# 922 installed, problem using Sling



## snowfan

I got my 922 installed today but am having no luck with the sling media side of it. 

If I go to the remote access site I can see the reciever and view the recording and can set new ones. When I go to live tv however I get:

There was a problem communicating with your Slingbox.

Please try again later.

Cant figure this out. I even set the IP in the DMZ and still nothing.


----------



## MarcusInMD

Well? Other than that what do you think of it?


----------



## Stewart Vernon

_Moving to the support forum, though you might be the first to have one!_


----------



## snowfan

Locks cool but am having some issues in the menu connecting to some features. When I try to search in the On-Demand section I get an error saying the unit is performing a one-time initialization which will soon be completed Please try again later. I hope this is the cause off all my issues. This is been going on for a few hours now.


----------



## Stewart Vernon

Are you sure it really is connected to the internet?
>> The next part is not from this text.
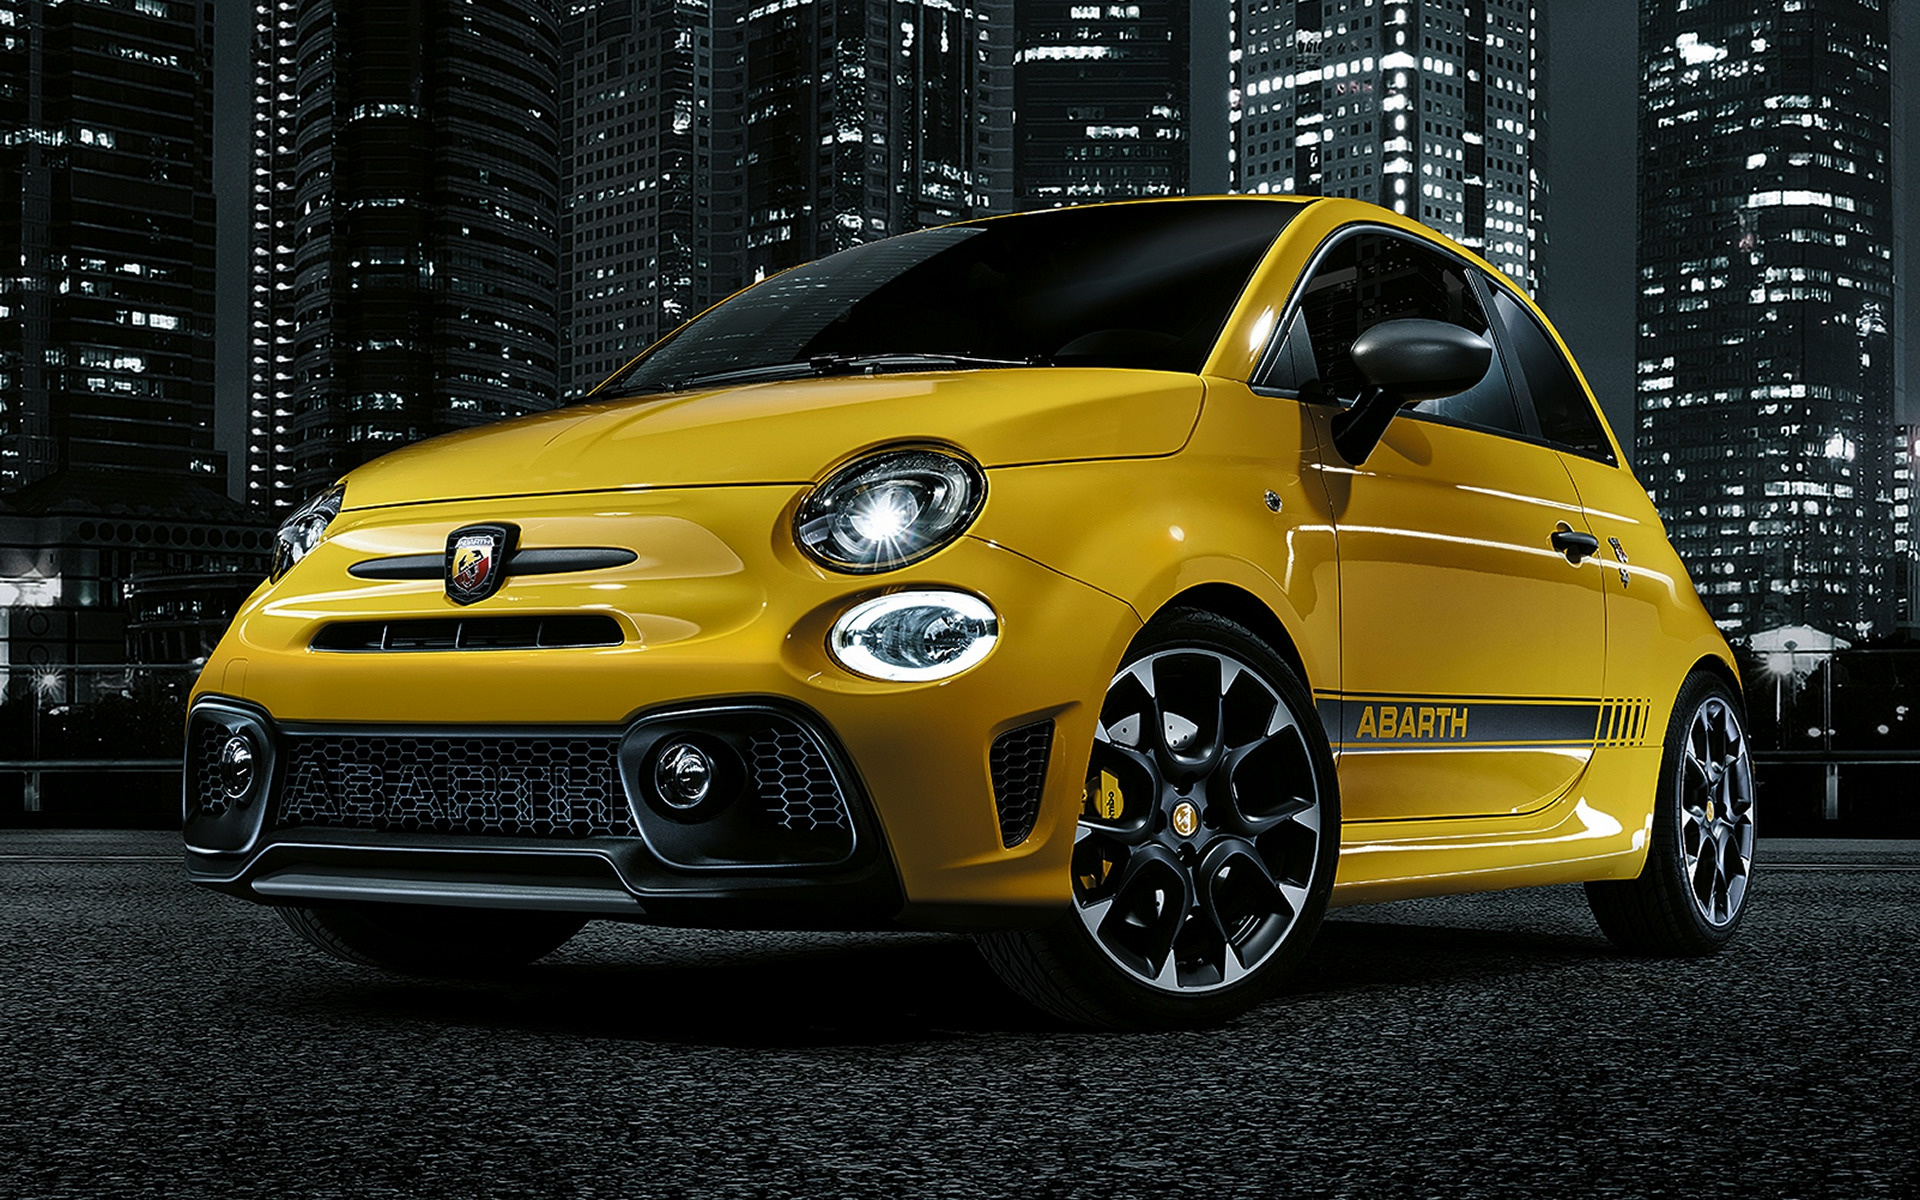 2016 Abarth 595 Competizione - Wallpapers and HD Images | Car Pixel

I know Dish Online & Remote Access are infamous for the receiver indicating it is online but the Web site doesn't see it.

Sometimes I have to "reset connection" on my receivers while other times I have to logoff of the Dish Web site and then login again.


----------



## snowfan

yes it is conneced. I cn see the unit online and can set recordings, I just cannot access live tv or recordings without that error.


----------



## Stewart Vernon

Bear in mind that you can set SAT recordings without the unit being connected to broadband now... so just being able to set recordings doesn't tell you anything.

Is there a "green" dot next to the receiver when you login? Can you click "My DVR" and see the content of the DVR (presumably empty at this point)?


----------



## snowfan

Yes I can see that also the 922 has a icon when you hit display or change the chan. that lets you know your broadband status.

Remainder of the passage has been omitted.